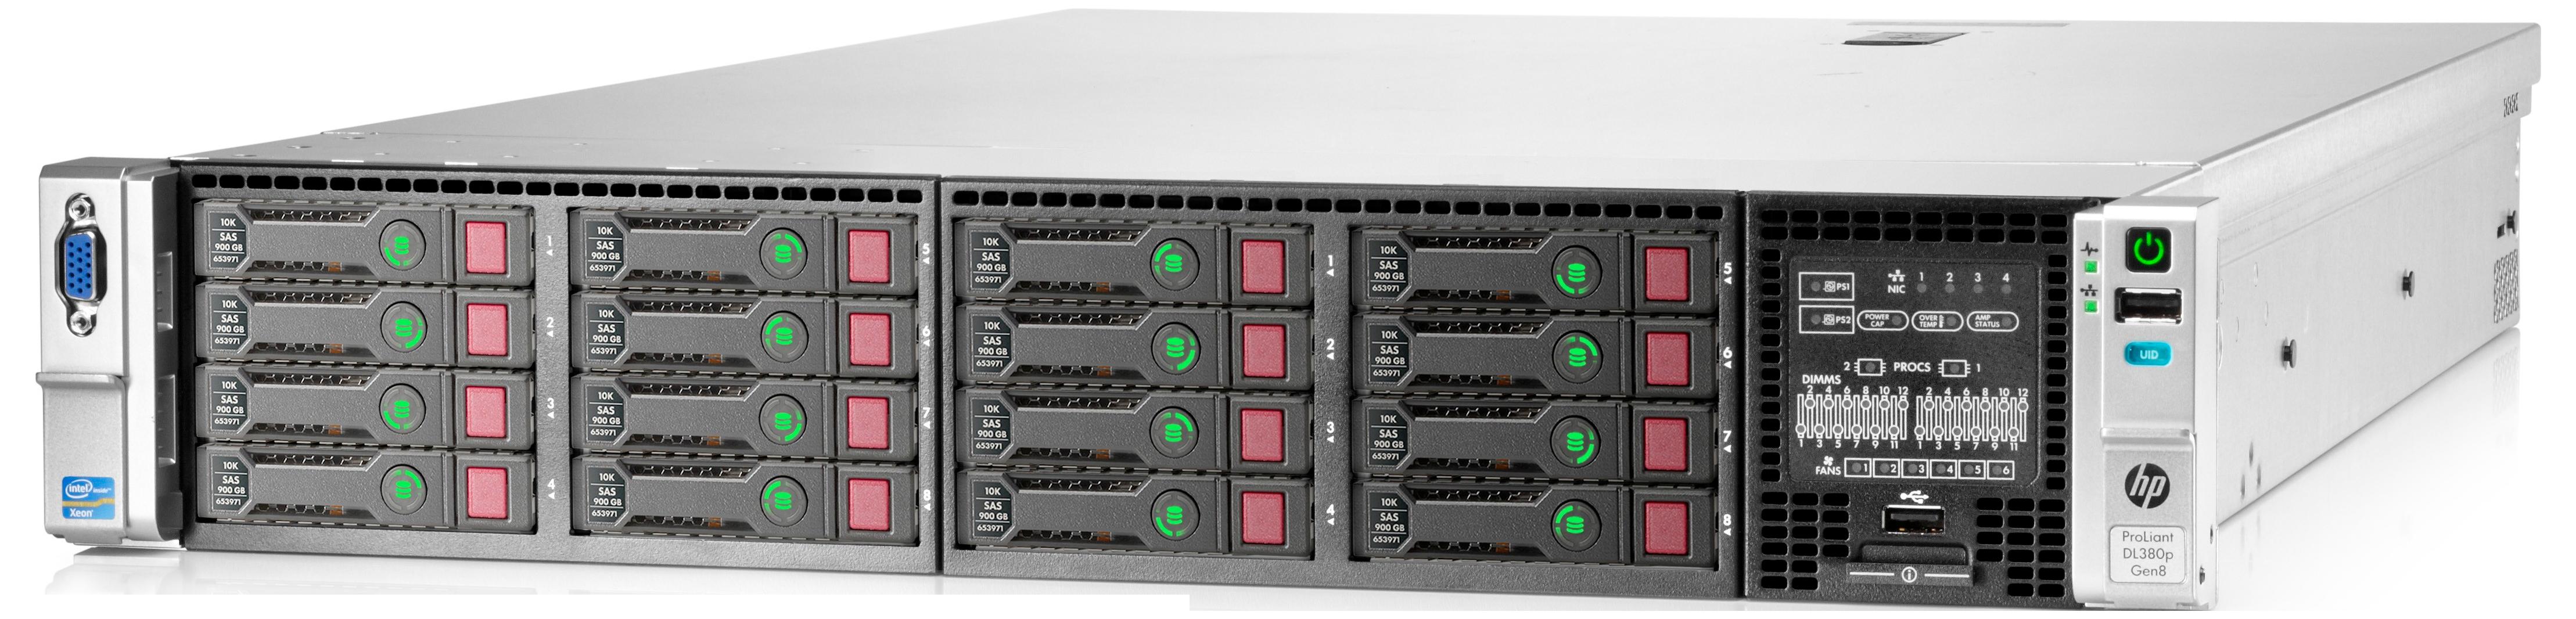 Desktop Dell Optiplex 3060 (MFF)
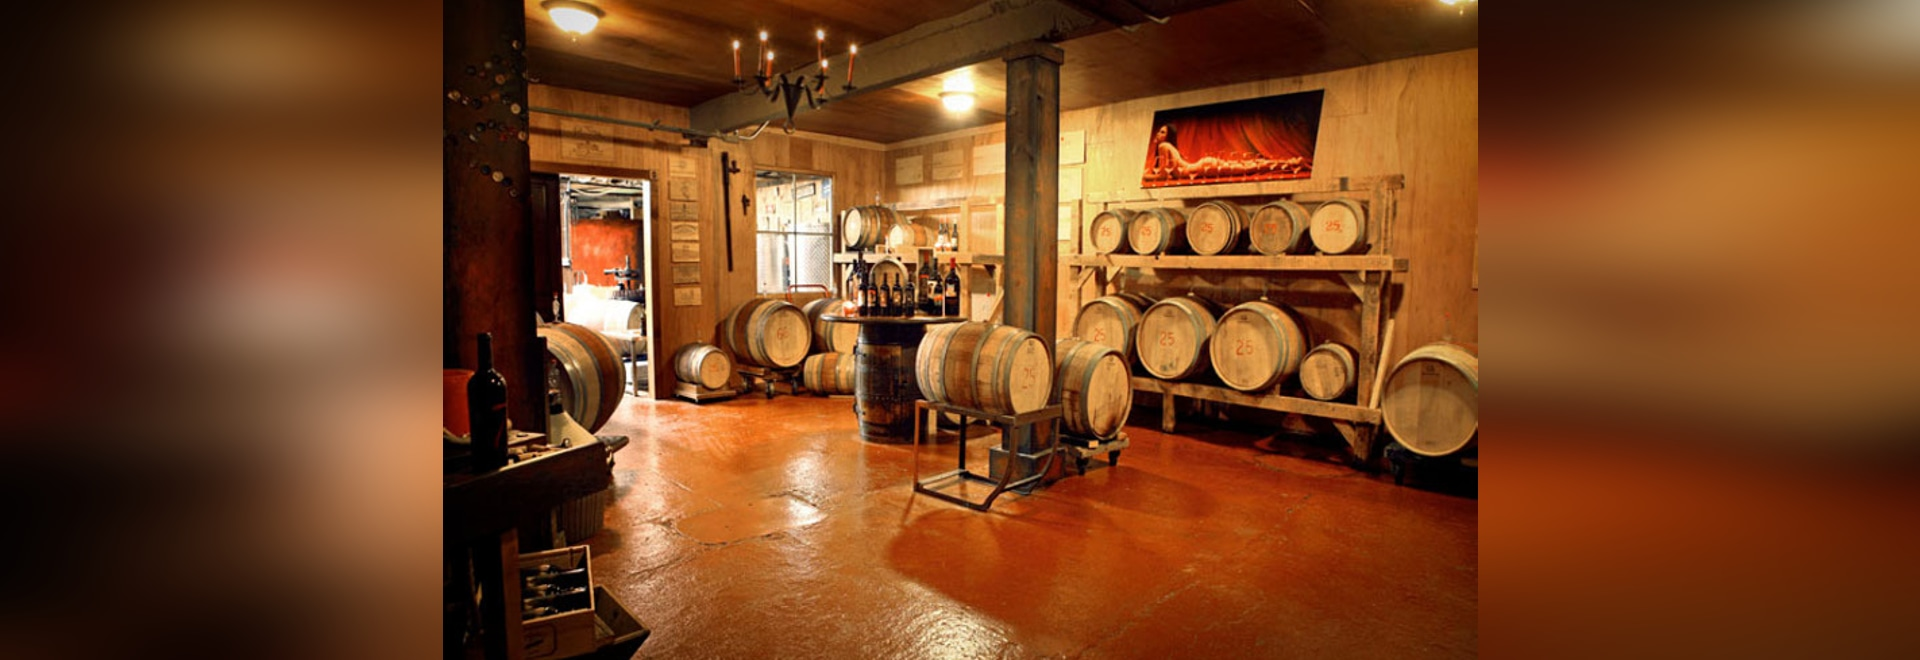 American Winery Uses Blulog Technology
——————————
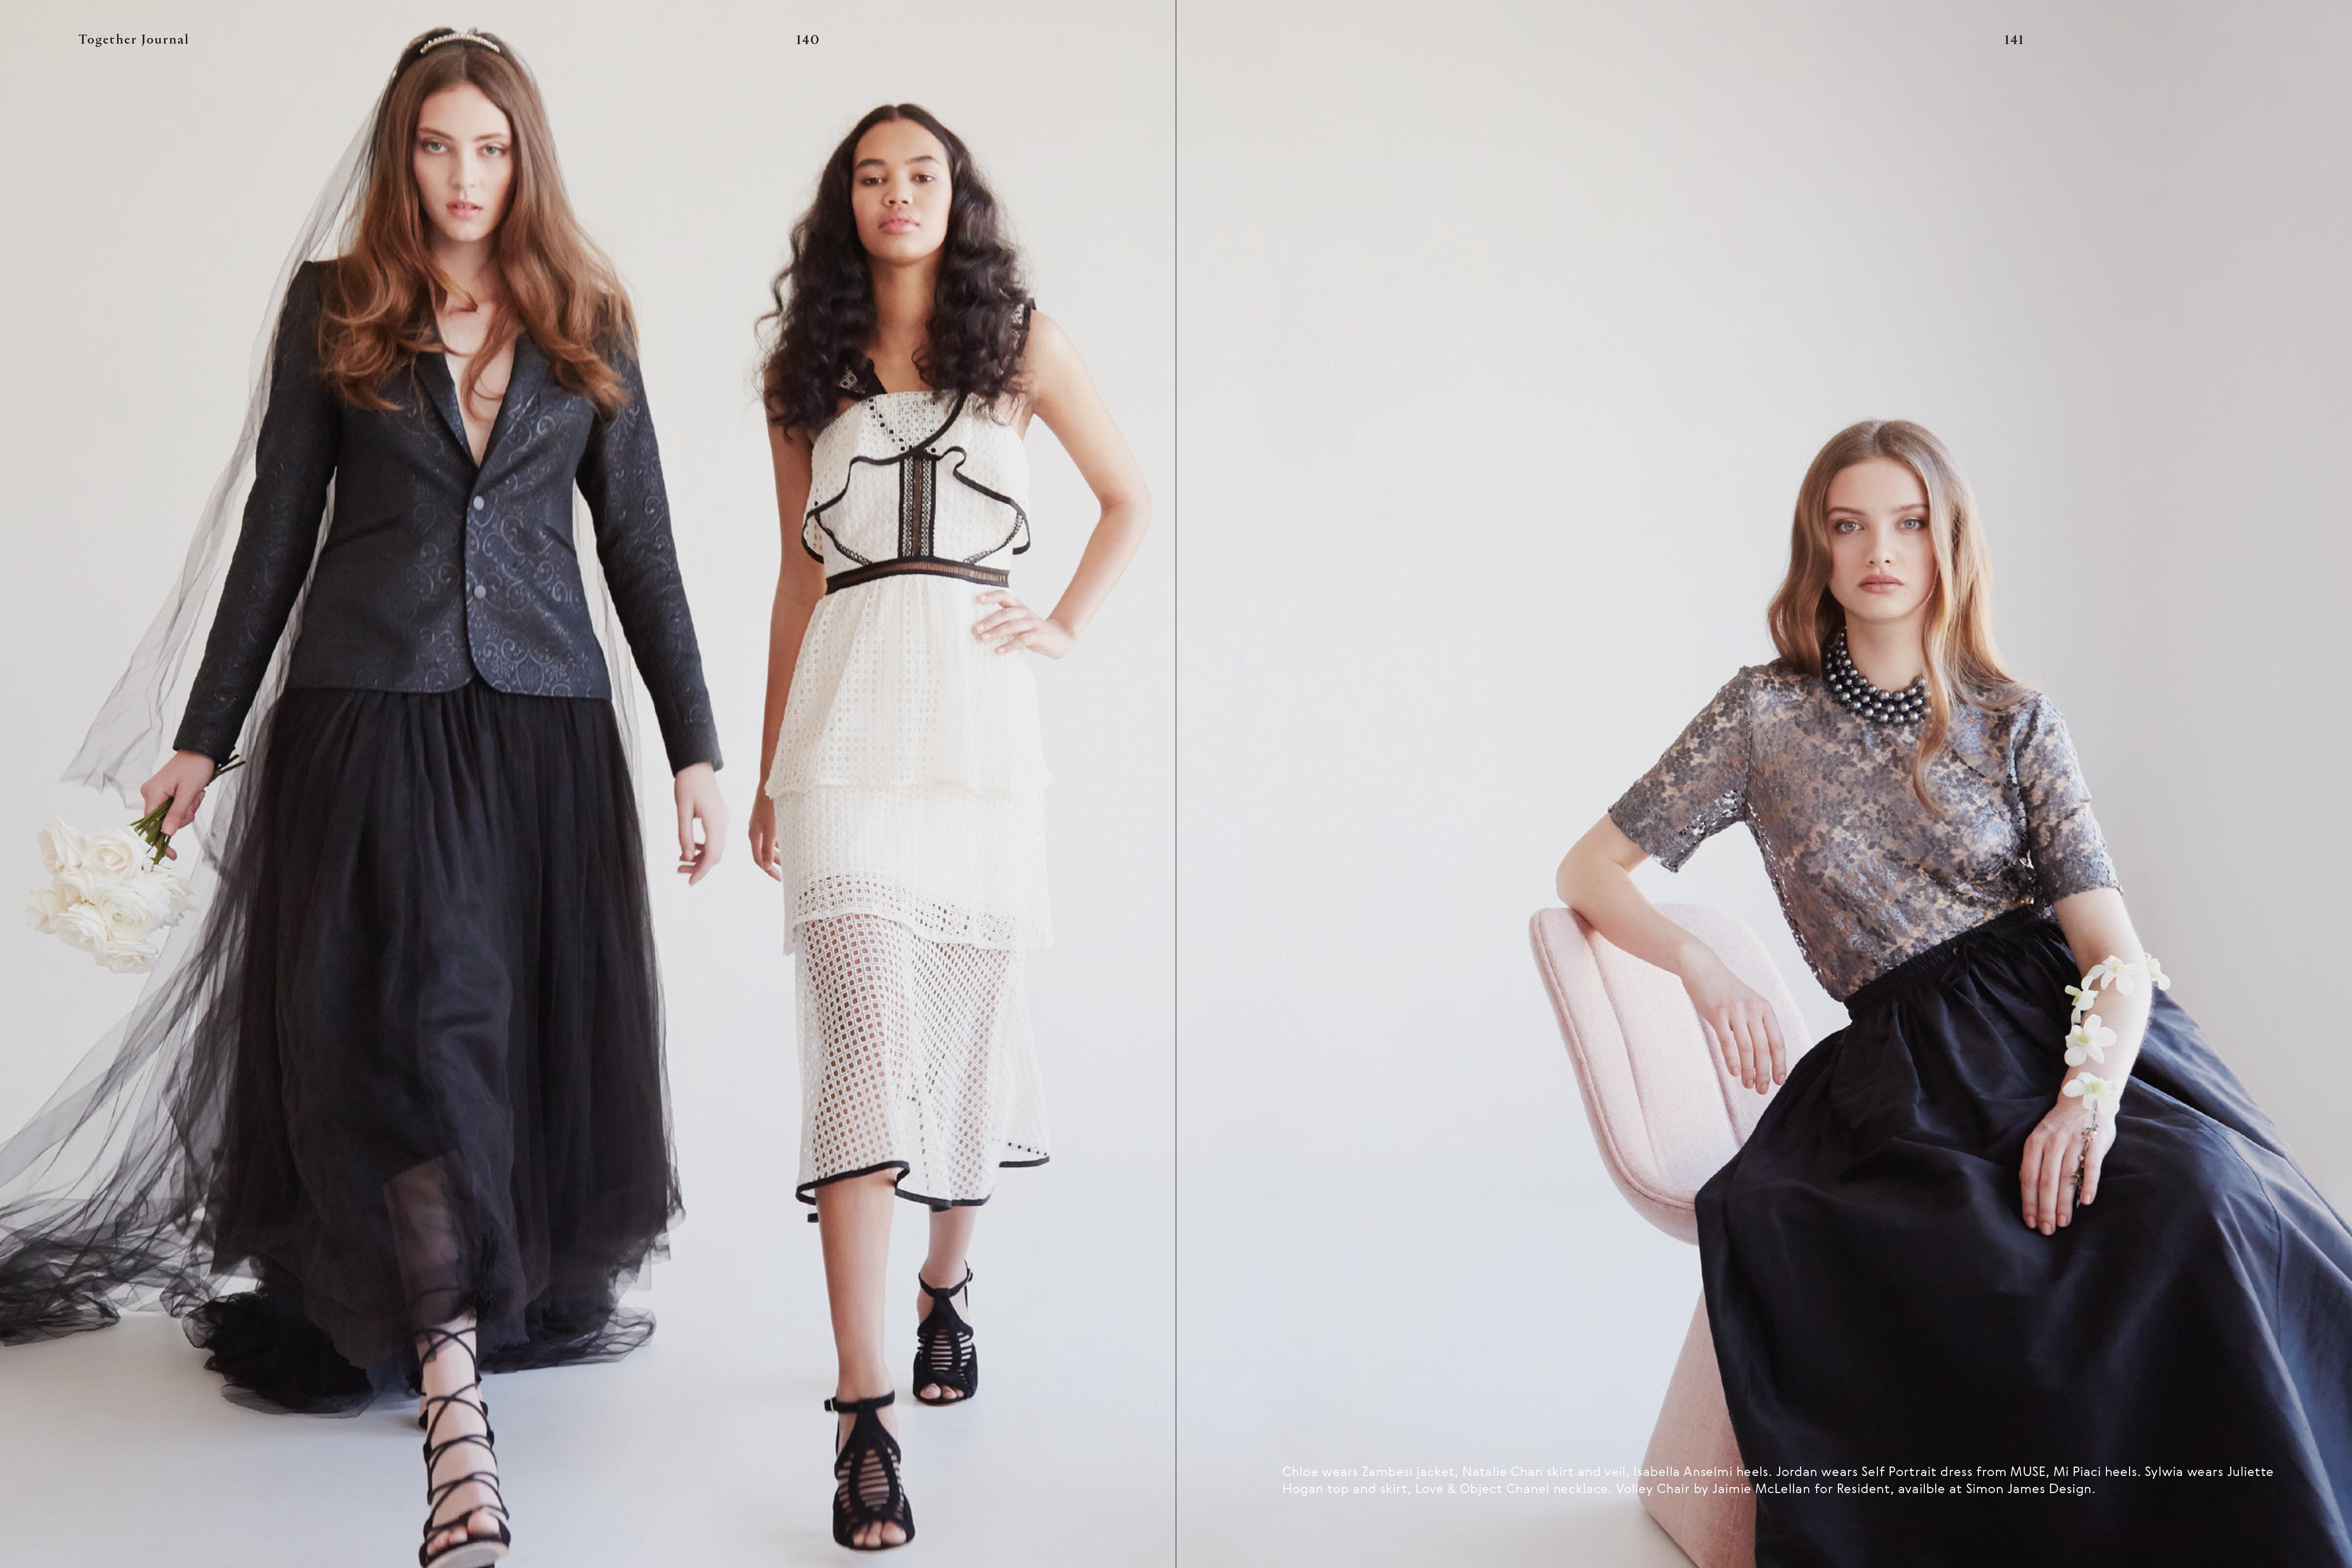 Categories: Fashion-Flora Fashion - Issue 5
——————————
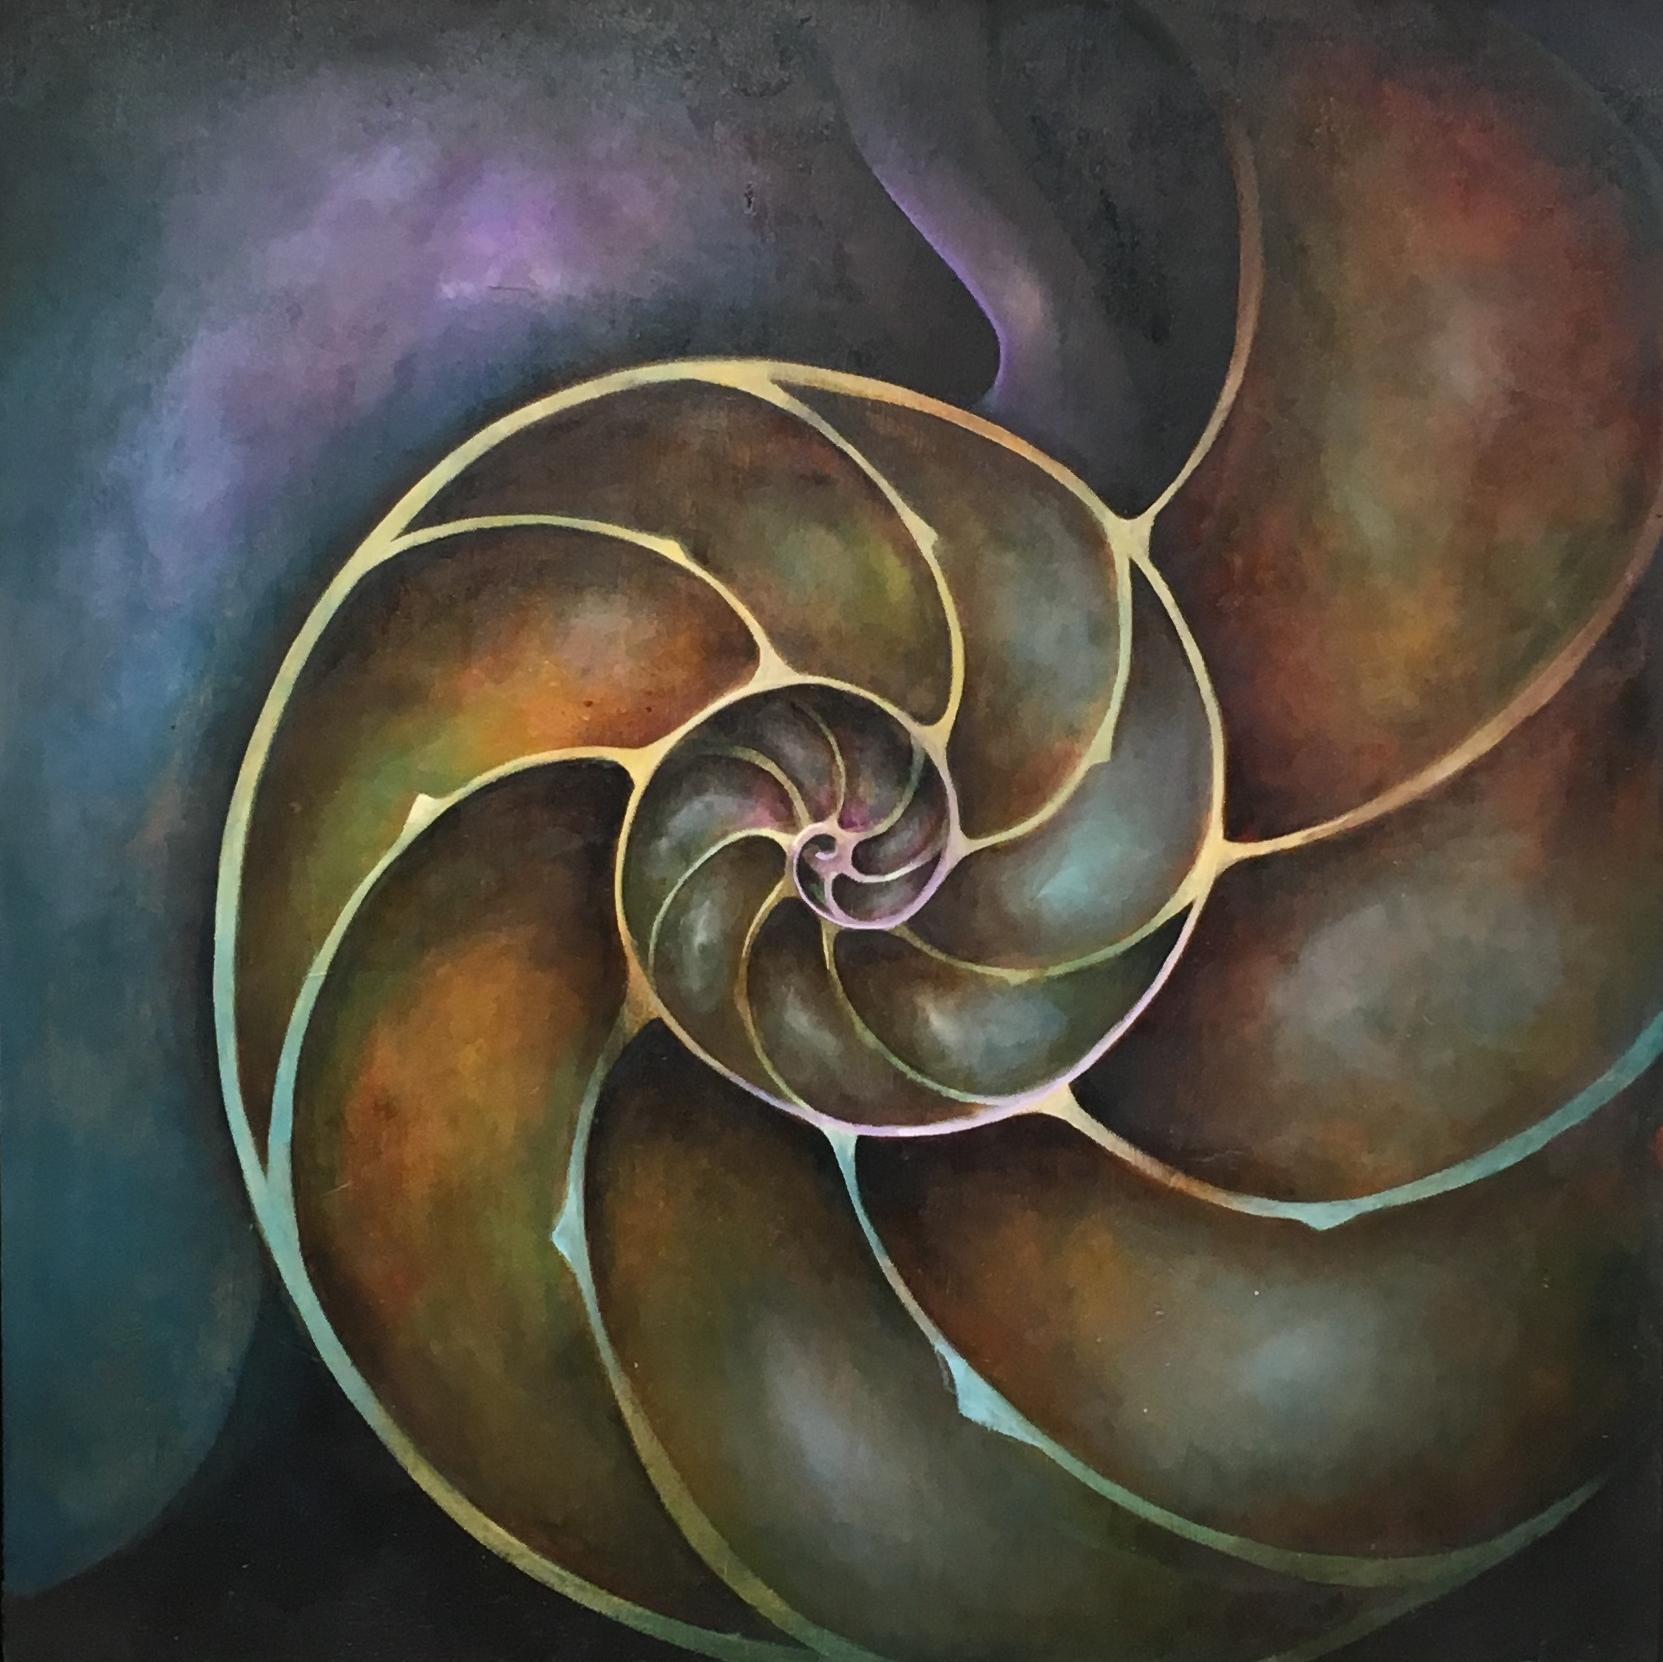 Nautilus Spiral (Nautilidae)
——————————
Task item:
Above are some entries. Restate word for word the lines from the one holding "Desktop Dell Optiplex 3060 (MFF)" through the one holding "American Winery Uses Blulog Technology", but not the pictures.

Expected answer:
 Desktop Dell Optiplex 3060 (MFF)
 American Winery Uses Blulog Technology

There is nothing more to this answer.